Layer 2 protocol tunneling (L2PT) allows service providers or data centers to send customer Layer 2 protocol data units (PDUs) across a cloud. This feature is useful when you want to run Layer 2 protocols on a network that includes switches located at remote sites that are connected across a service provider network.

For example, a customer might want to run STP between remote sites that are connected by a service provider network. In this case, the STP PDUs sent by the customer equipment must be tunneled through the service provider network. Otherwise, the customer STP PDUs would be processed by the STP protocol running on the service provider switches.

Note: Layer 2 protocol tunneling is not supported on QFabric systems.

This topic includes:

Layer 2 Protocols Supported by L2PT

• 802.1X authentication
• 802.3ah Operation, Administration, and Maintenance (OAM) link fault management (LFM)

  Note: If you enable L2PT for untagged OAM LFM (Operation, Administration, and Maintenance of link fault management) packets, do not configure link fault management (LFM) on the corresponding access interface.

• Cisco Discovery Protocol (CDP)
• Ethernet local management interface (E-LMI)
• MVRP VLAN Registration Protocol (MVRP)
• Link Aggregation Control Protocol (LACP)

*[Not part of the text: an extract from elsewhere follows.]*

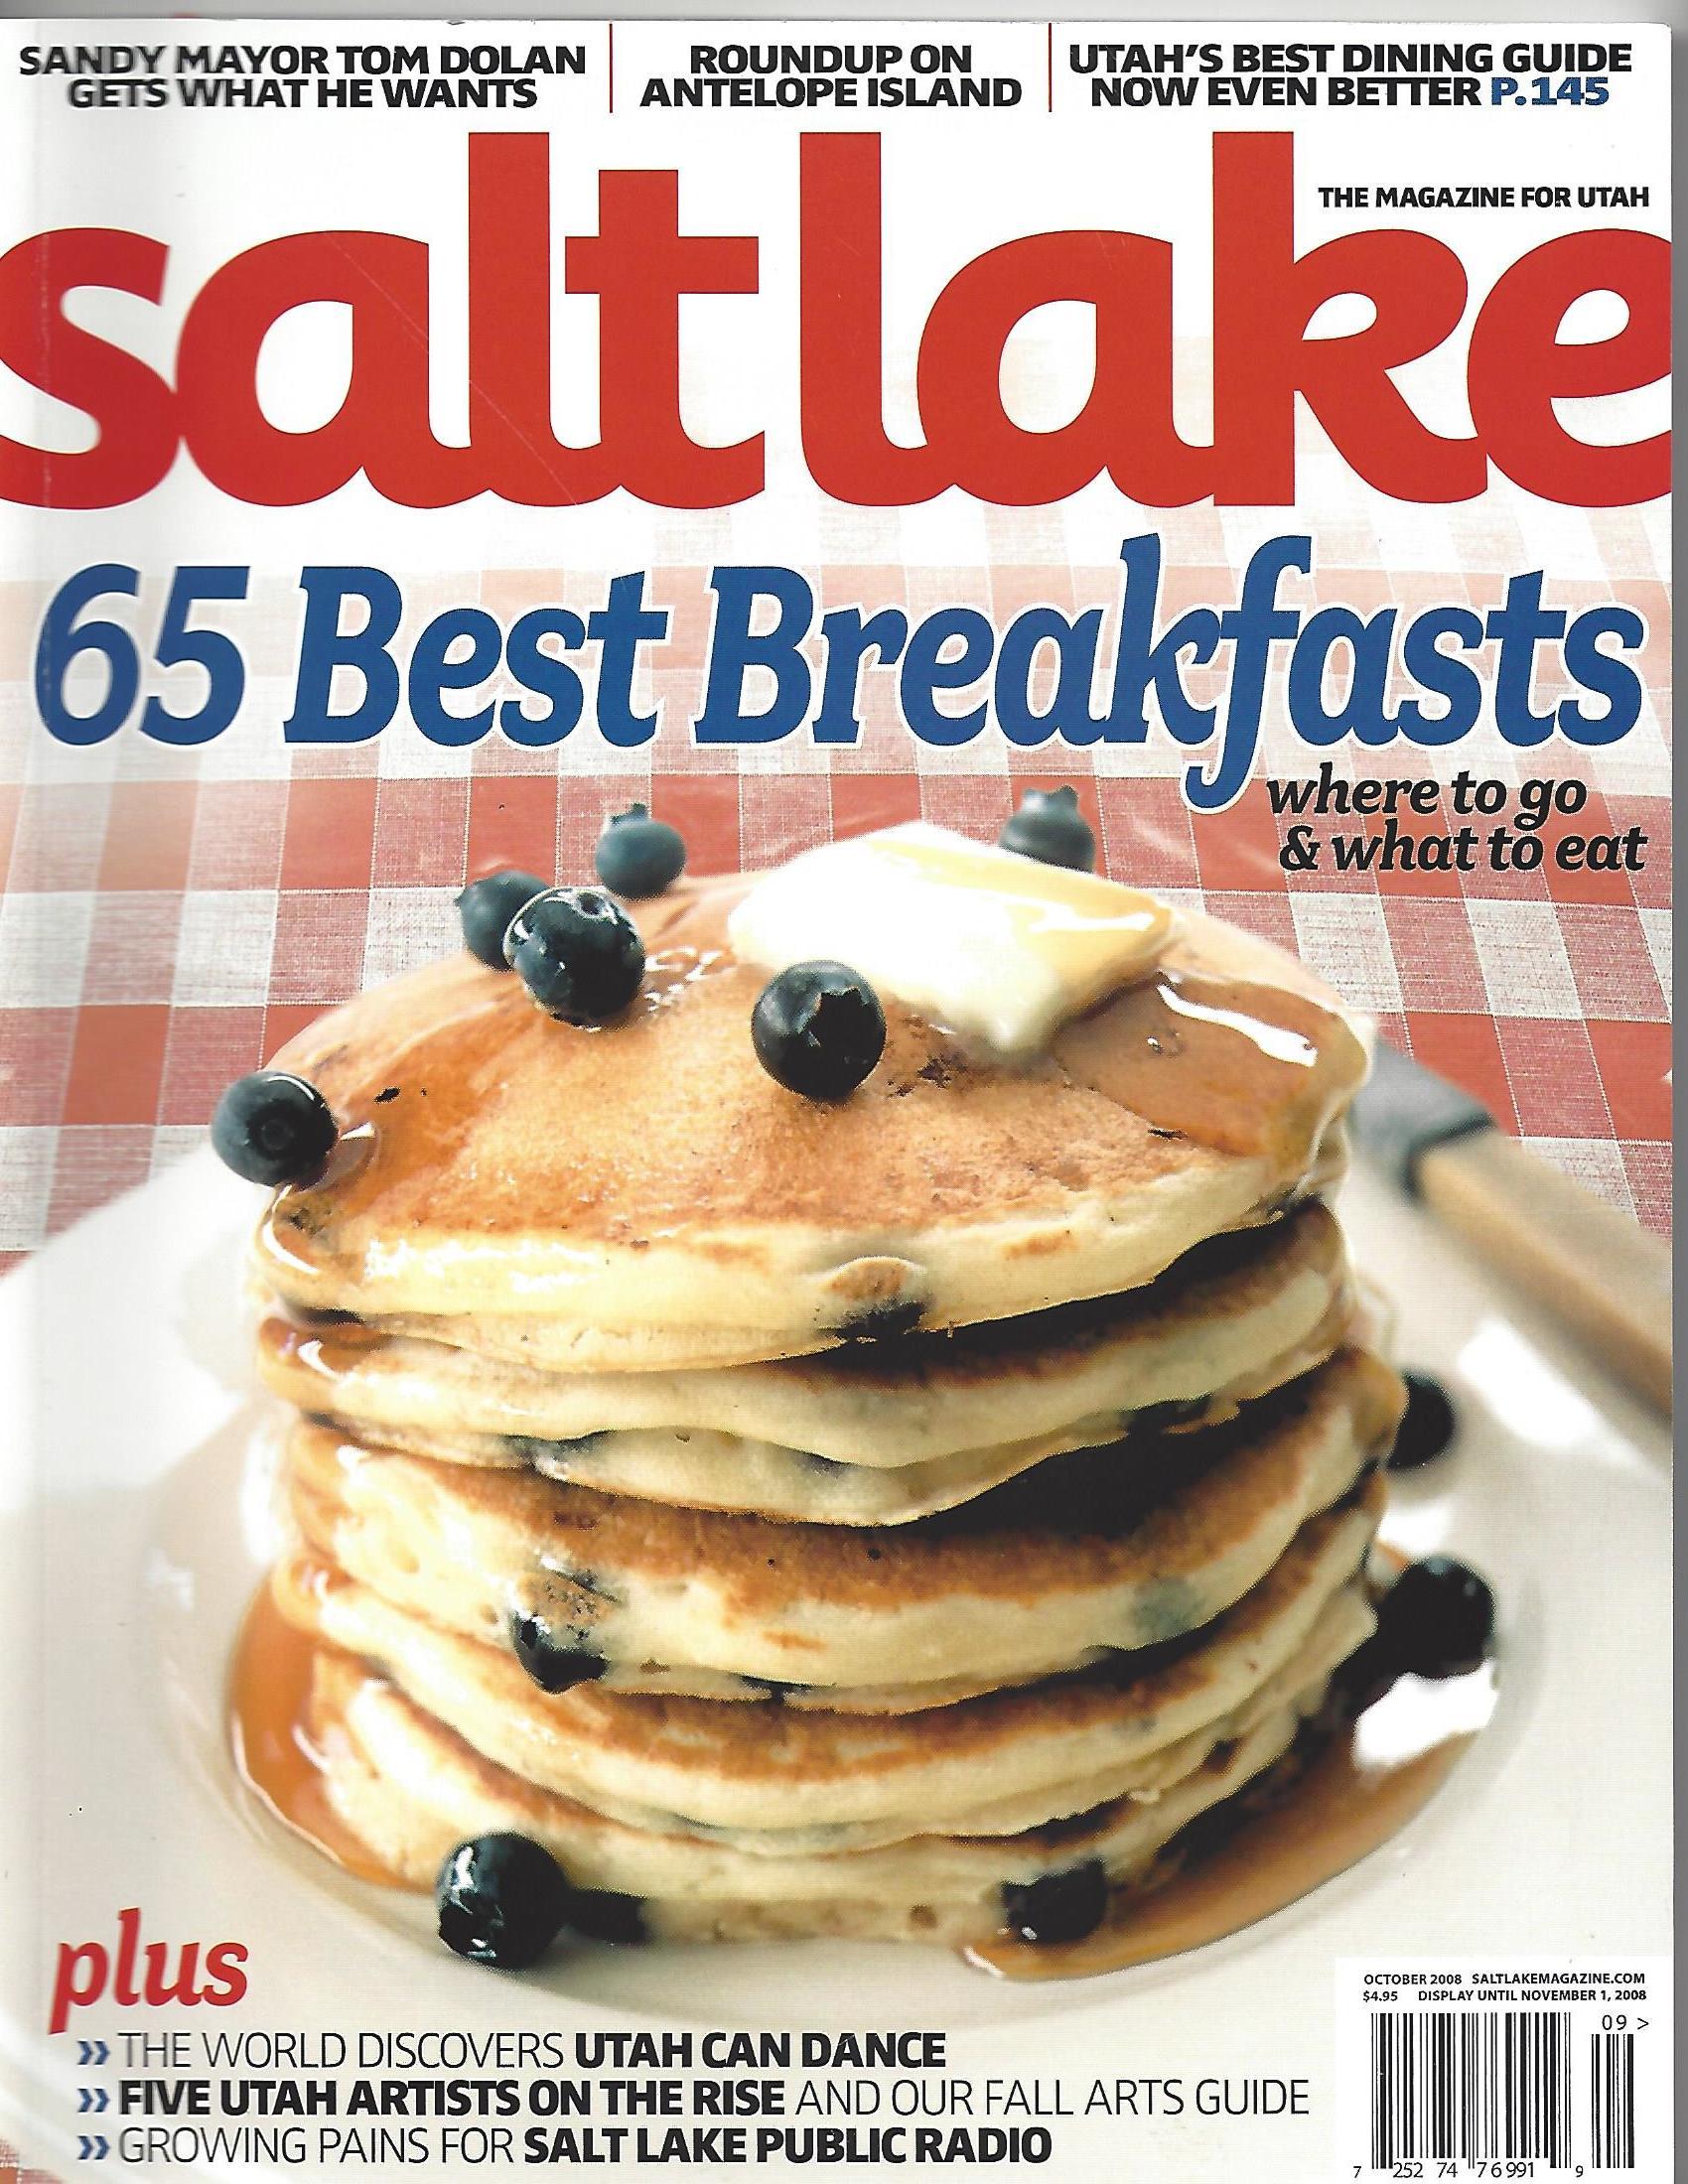 Women in Business - Salt Lake Magazine (Oct. 2008).jpg
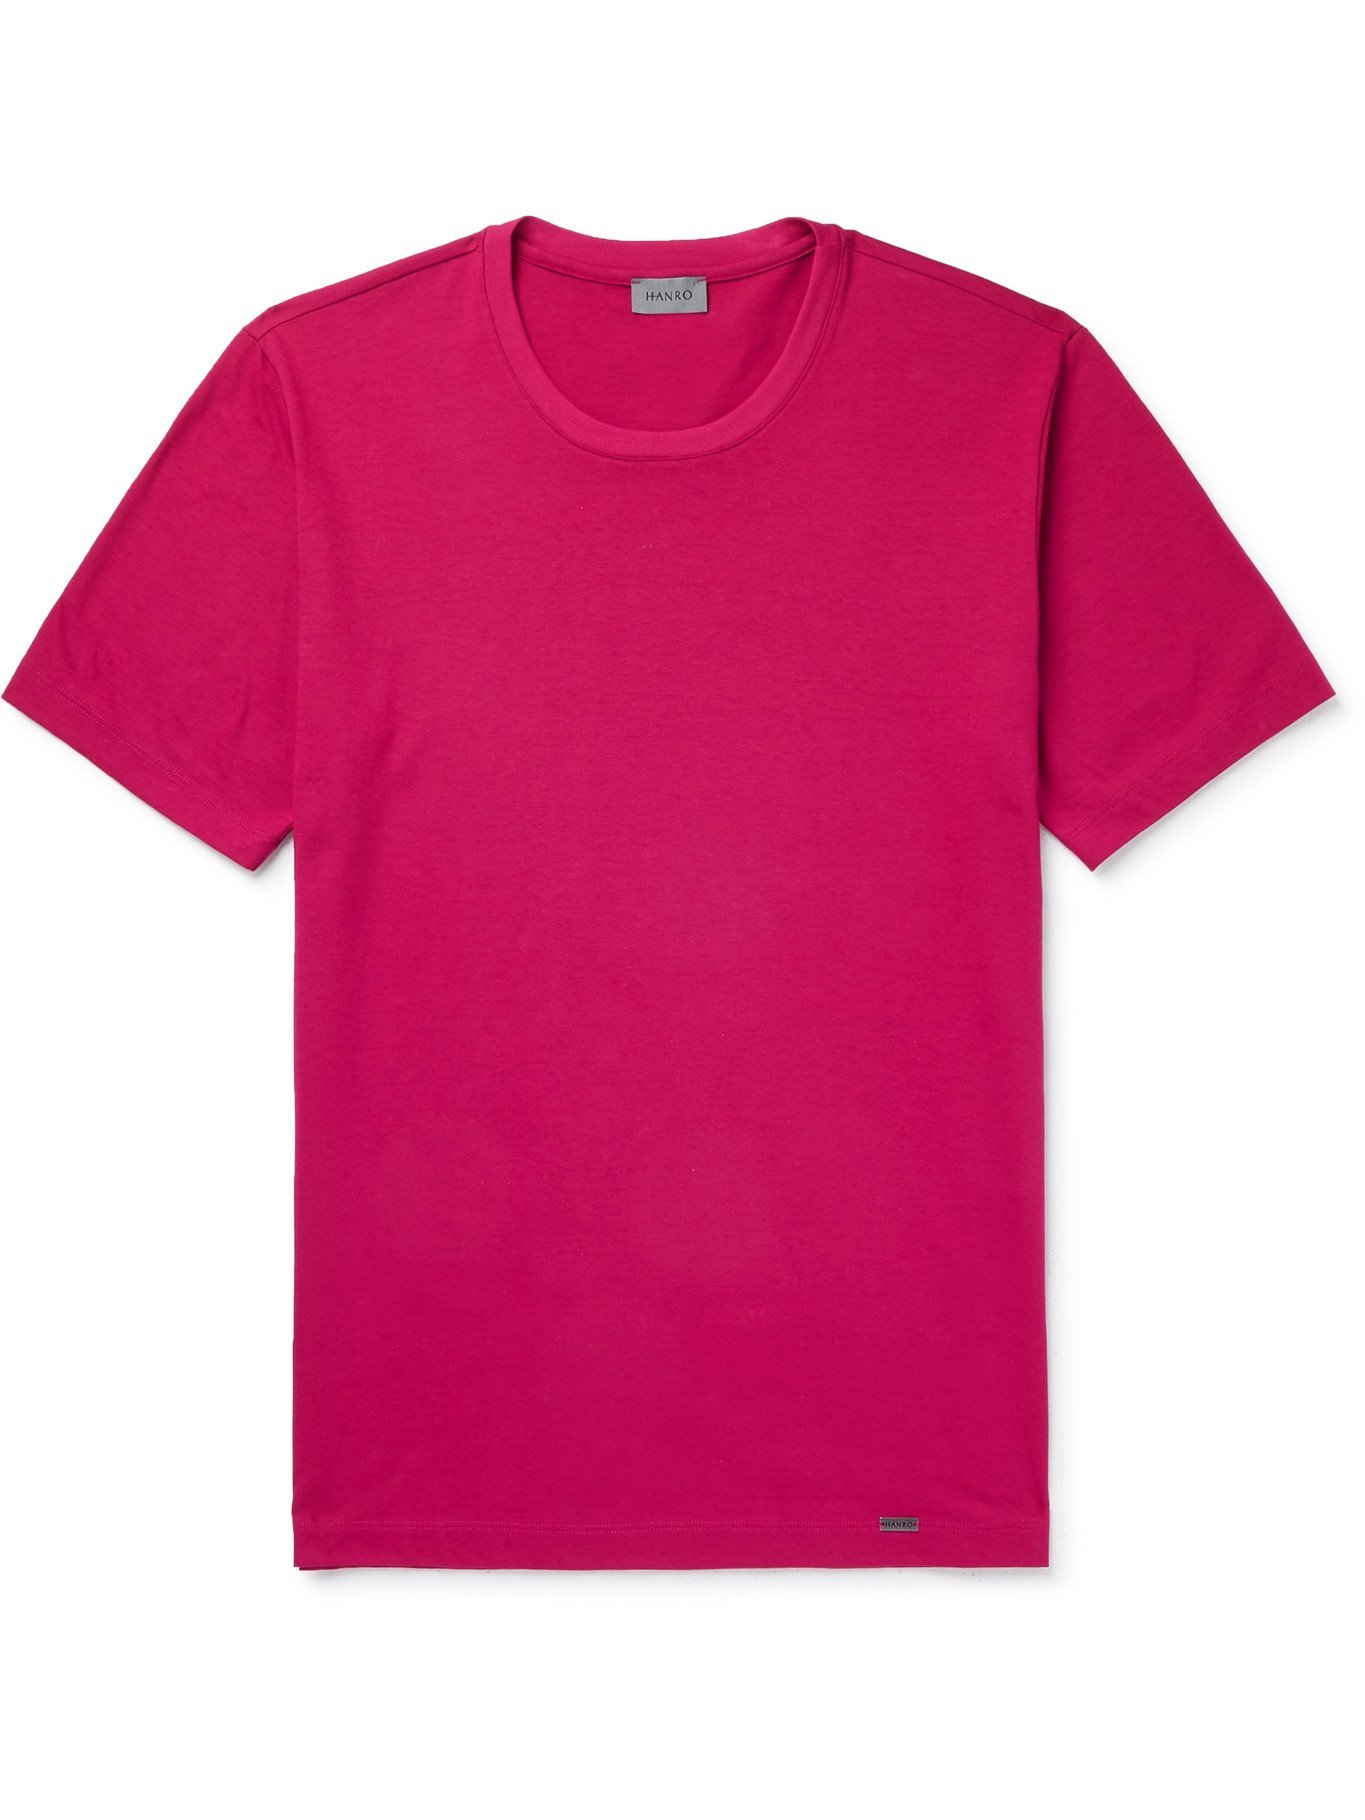 HANRO - Kurzman Cotton-Jersey T-shirt - Red

  Note: If you enable L2PT for untagged LACP packets, do not configure Link Aggregation Control Protocol (LACP) on the corresponding access interface.

• Link Layer Discovery Protocol (LLDP)
• Multiple MAC Registration Protocol (MMRP)
• Multiple VLAN Registration Protocol (MVRP)
• Spanning Tree Protocol (STP), Rapid Spanning Tree Protocol (RSTP), and Multiple Spanning Tree Protocol (MSTP)
• Unidirectional Link Detection (UDLD)
• VLAN Spanning Tree Protocol (VSTP)
• VLAN Trunking Protocol (VTP)

Note: You cannot configure all of these protocols on QFX Series devices. However, you can tunnel all of them through a QFX Series switch using L2PT.

How L2PT Works

L2PT works by encapsulating Layer 2 PDUs, tunneling them across a service provider network, and de-encapsulating them for delivery to their destination switches. L2PT encapsulates Layer 2 PDUs by enabling the ingress provider edge (PE) device to rewrite the PDUs’ destination media access control (DMAC) addresses before forwarding them onto the service provider network. The devices in the service provider network treat these encapsulated PDUs as multicast Ethernet packets. Upon receipt of these PDUs, the egress PE devices de-encapsulate them by replacing the DMAC addresses with the addresses of the Layer 2 protocol that is being tunneled before forwarding the PDUs to their destination switches.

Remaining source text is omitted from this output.